The following code shows how the Aggregates class supports the GUI's Choice and Sequence nodes, and how the information returned by these parser-rules differs from that retured by Scala's | and ~ combinators. Each pair of blue lines in the code creates two parsers for comparison, and the following pair of red lines (comments inserted into the code after it was run) show the result of using those parser-rules. The choice() method supports Choice nodes, while the sequence() method supports Sequence nodes.

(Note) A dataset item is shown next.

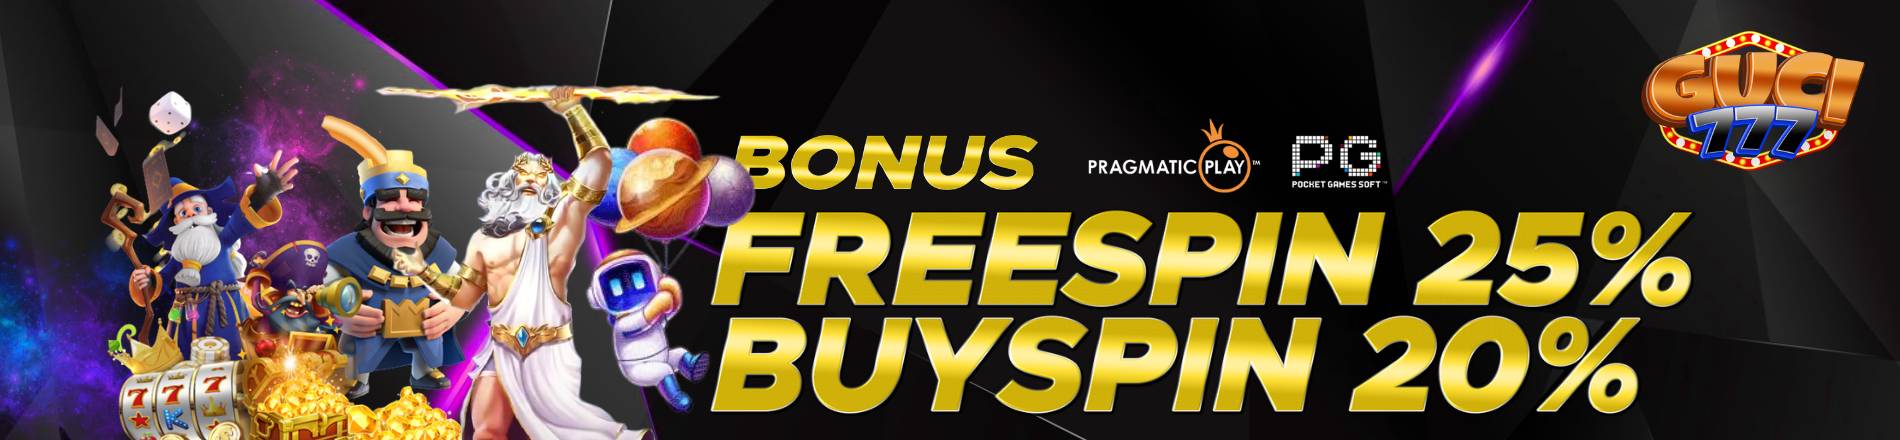 Bonus Freespin & Buyspin GUCI777

import scala.util.parsing.combinator.RegexParsers
import vll.core.Aggregates

object AggregatesDemo extends RegexParsers with Aggregates {
  def main(args: Array[String]) {
    def alt = "hello" | "world" | "\\d+".r
    def alt2 = choice("hello", "world", "\\d+".r)
    println("alt: " + parseAll(alt*, "hello world 2011"))
    println("alt2: " + parseAll(alt2*, "hello world 2011"))
//    alt: [1.17] parsed: List(hello, world, 2011)
//    alt2: [1.17] parsed: List((0,hello), (1,world), (2,2011))
    def seq = "hello" ~ "world" ~ "\\d+".r
    def seq2 = sequence(Triple("hello", false, false), Triple("world", false, false), Triple("\\d+".r, false, false))
    println("seq: " + parseAll(seq, "hello world 2011"))
    parseAll(seq2, "hello world 2011").get match {
      case a: Array[_] => println(a.mkString("seq2: Array(", ", ", ")"))
    }
//    seq: [1.17] parsed: ((hello~world)~2011)
//    seq2: Array(hello, world, 2011)
    def seq3 = "hello" ~> "world" ~> "\\d+".r
    def seq4 = sequence(Triple("hello", true, false), Triple("world", true, false), Triple("\\d+".r, false, false))
    println("seq3: " + parseAll(seq3, "hello world 2011"))
    parseAll(seq4, "hello world 2011").get match {
      case a: Array[String] => println(a.mkString("seq4: Array(", ", ", ")"))
      case x => println("seq4: " + x)
    }
//    seq3: [1.17] parsed: 2011
//    seq4: 2011
  }
}

The choice() method takes an arbitrary number of child Parsers as arguments. The sequence() method too, accepts an arbitrary number of child Parsers, but in this case each child Parser has to be accompanied with two boolean flags indicating the status of the drop and commit annotations respectively.

core.VllParsers

This class extends vll.core.SimpleLexingRegexParsers, and adds all needed finishing touches to the parser framework.

Trace Annotation vs log()

VisualLangLab provides a trace annotation (see Editing the Grammar Tree) that allows you to conveniently enable tracing of any parser-rule or part of a parser-rule. The output generated by this facility is properly indented to indicate nesting of traced levels, and is more helpful than the log() method in Parsers. The trace annotation on any grammar-tree node is toggled by using the grammar-tree's pop-up context menu.

Node Names

VisualLangLab gives every grammar-tree node a unique name based on the name of the parser-rule and the node's position in the tree (see Figure-2 below). The names are used for identifying nodes in error reports or trace logs. To reduce clutter The GUI does not normally display node names, but they can be made visible by selecting View -> Full names from the main menu.

Figure-2. Node names in a grammar-tree

Error Checking

The GUI checks all parser-rules for certain types of errors, and will flag offending grammar-tree nodes by overlaying them with the error mark (). The tool-tip text of the node is altered to indicate the source of the problem. The following types of error are detected:

Parser-Rules that Match the Empty String

Using parser-rules that can match the empty string can lead to difficult-to-fix problems. Redesign your grammar to use multiplicity in a suitable way and avoid the need for such parser-rules.

Child Counts

Sequence and Choice nodes must have at least two child nodes. Sequence nodes must also have at least one child node that contributes to the AST (not all child nodes may be dropped, or have multiplicities of 0 (not) or = (guard)). RepSep nodes must have exactly two child nodes. Root nodes must have one child node. Nodes that violate those requirements will be flagged.

Bad Action-Code

Action code associated with any grammar-tree node (see AST and Action Code) is checked for correct syntax, and any errors are flagged.